(Items from a dataset)

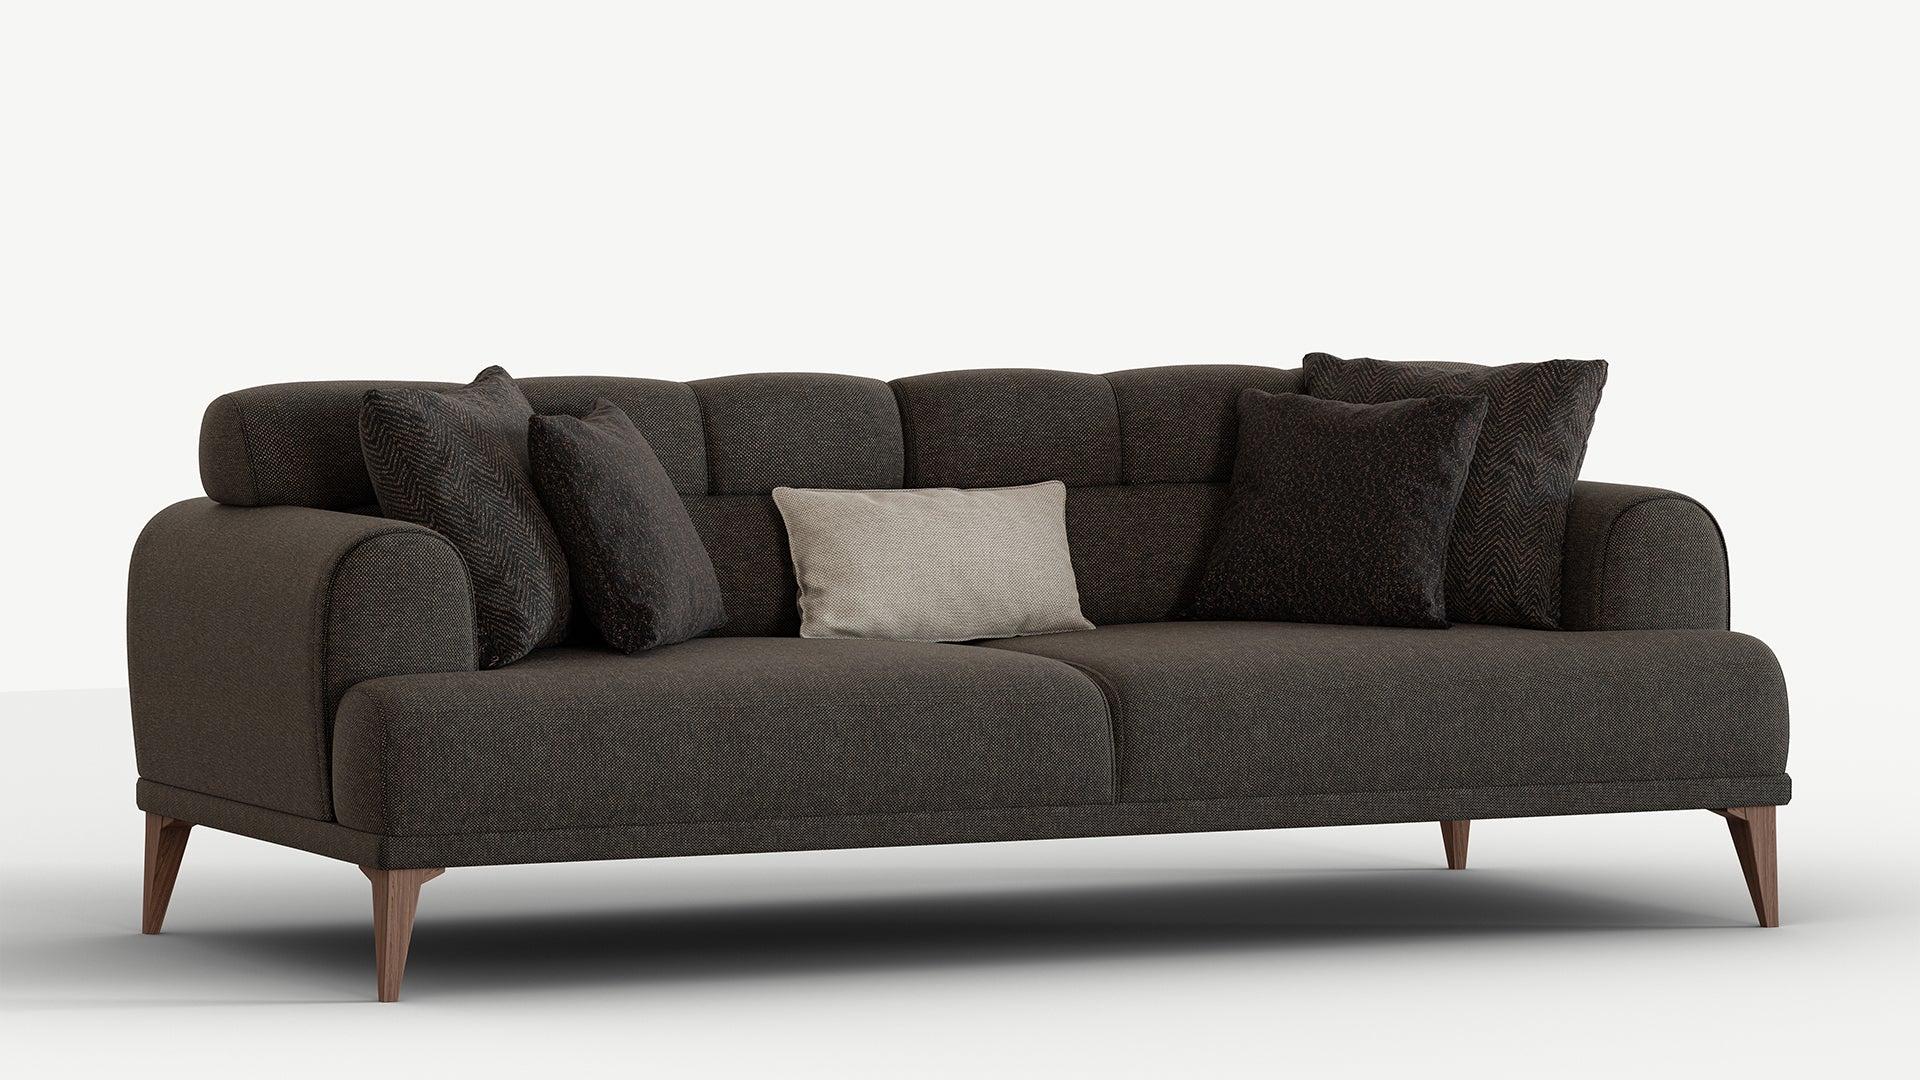 Madrid 3 Seater Sofa Bed
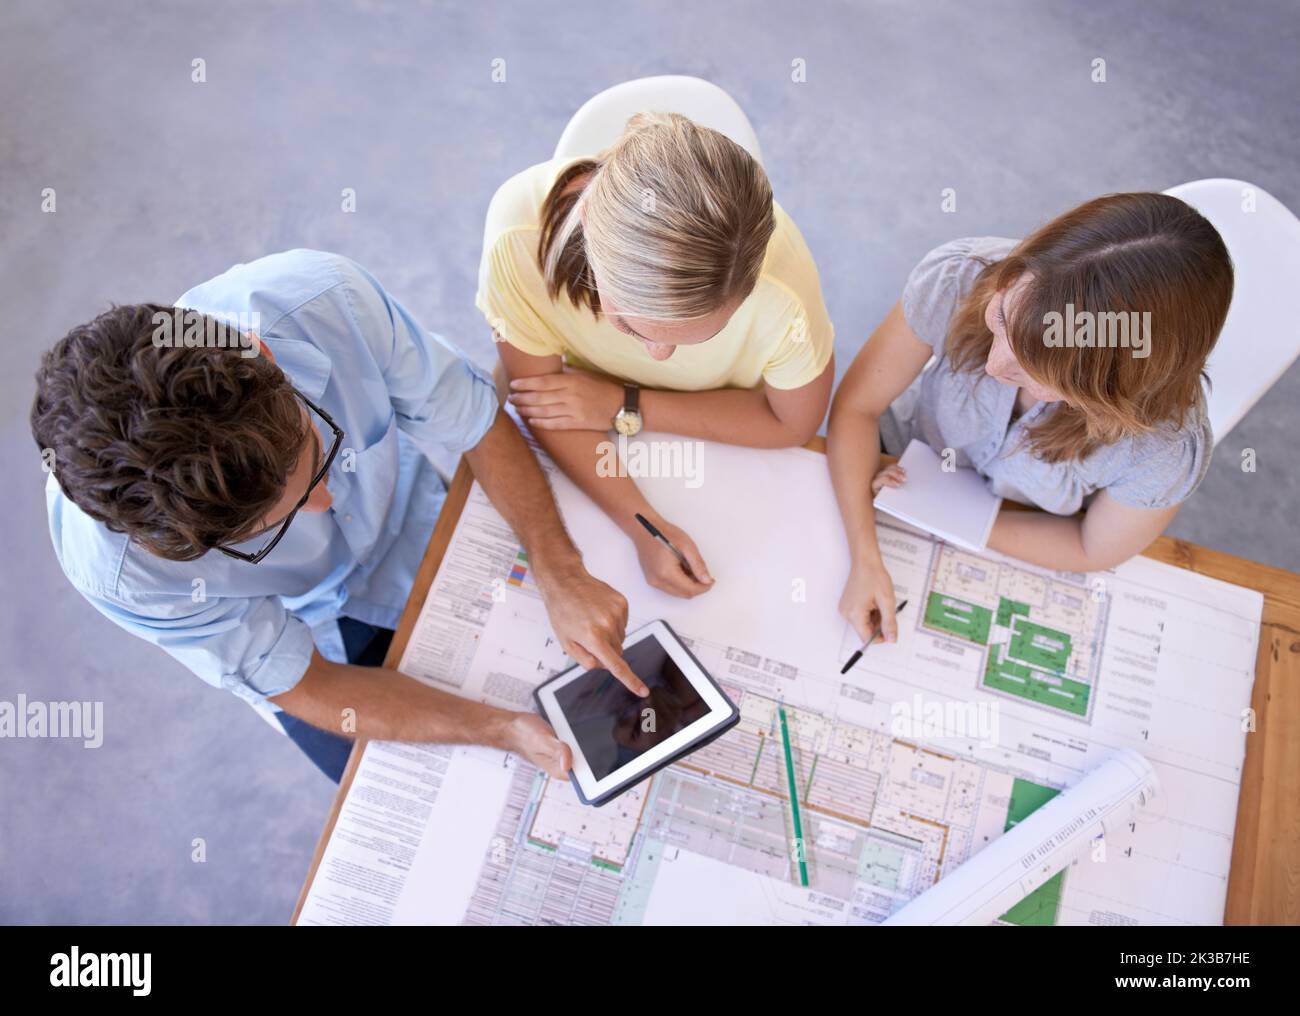 We can find inspiration online. Top view of a group of young architects using a digital tablet to do research together. Stock Photo
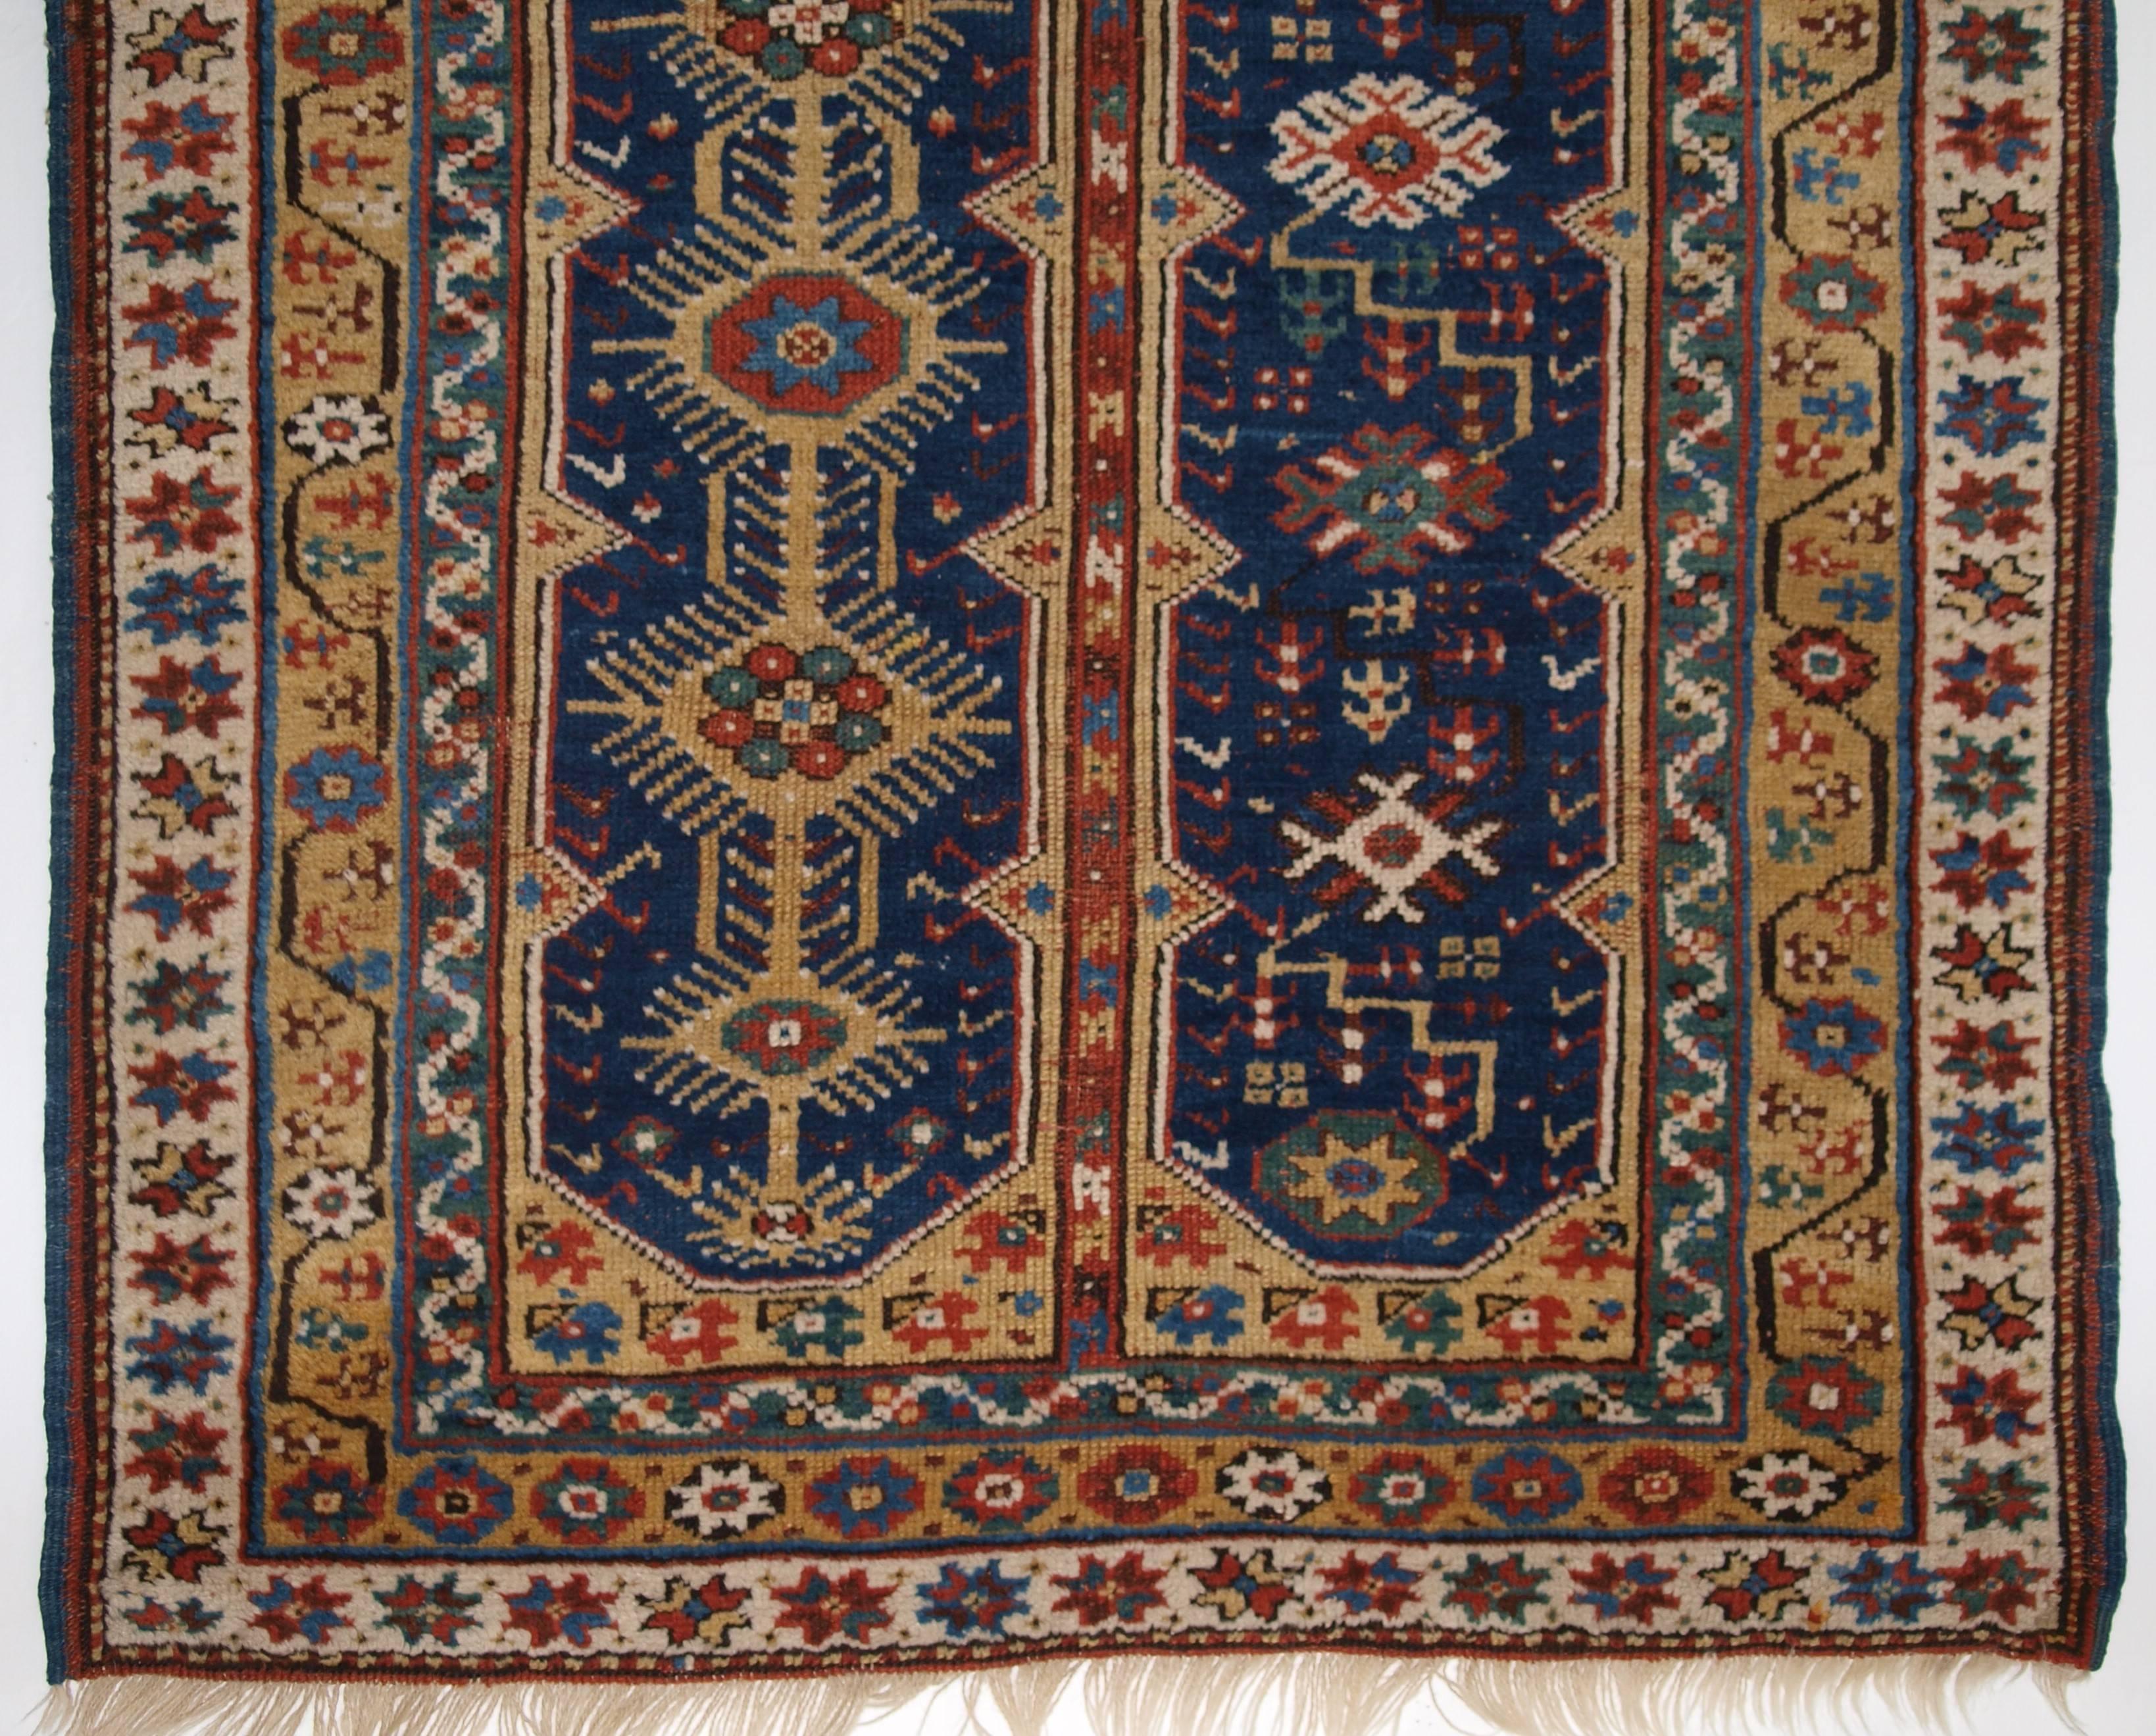 Size: 5ft 11in x 3ft 10in (180 x 117cm).

Antique Turkish Megri prayer rug of classic design with superb yellow field. 

Mid-19th century.

The rug has very soft wool and a very floppy handle. The rug is beautifully drawn with superb colours

◆ **Required action**
From the entries above, extract every line where the word "with" appears.

◆ **Exercise result**
Antique Turkish Megri prayer rug of classic design with superb yellow field. 
The rug has very soft wool and a very floppy handle. The rug is beautifully drawn with superb colours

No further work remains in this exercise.